# OOB Review - The Monster of Piedras Blancas - Resin Club



## gomontoya (Apr 3, 2004)

Painted kit and photos courtesy of Steve Riojas.


Behind the Scenes
The Monster of Piedras Blancas is one of those films that I have found to be an acquired taste. Initially, I would watch it just to see the monster, but now I quite like the general run of the story too. Maybe it helps to know some of the history and interesting facts associated with the movie. I found Bill Warren's book Keep Watching the Skies to be useful, although he isn't a fan of the film and there is also some relevant commentary on the The Creature Walks Among Us DVD, by Bob Burns and Tom Weaver. You find info in the weirdest places.

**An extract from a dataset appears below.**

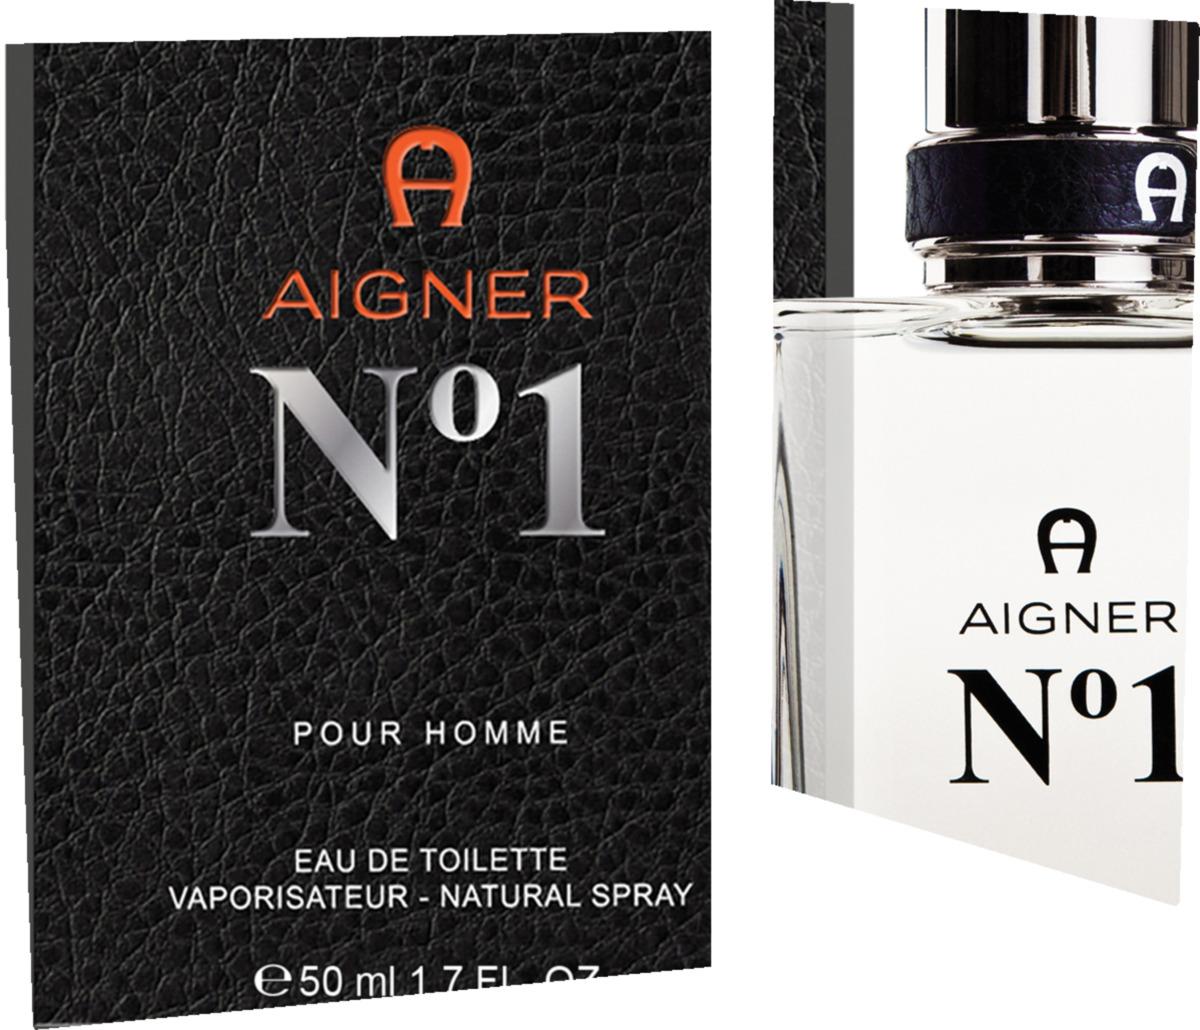 Bild 2 von Aigner N°1 Pour Homme, EdT 50 ml

I suppose I could give you some amusing trivia about the movie, but you aren't here to be entertained, you're here to learn 

The Monster of Piedras Blancas was produced by Vanwick Productions, which came about when Jack KeVAN and Irvin BerWICK (hence VANWICK) decided to form their own company and produce movies. There are a couple of back stories relating to this outcome. One is that Jack Kevan who was one of Universal's top make-up artists, was unhappy at the lack of recognition (credit) he received, as that always seemed to go to the head of the department Bud Westmore. According to IMDb, Jack had worked un-credited on such monster movies as Bud Abbott and Lou Costello Meet Frankenstein, It Came from Outer Space and The Creature from the Black Lagoon, amongst others. Also, Universal was cutting staff in the mid to late 50s due to budget difficulties.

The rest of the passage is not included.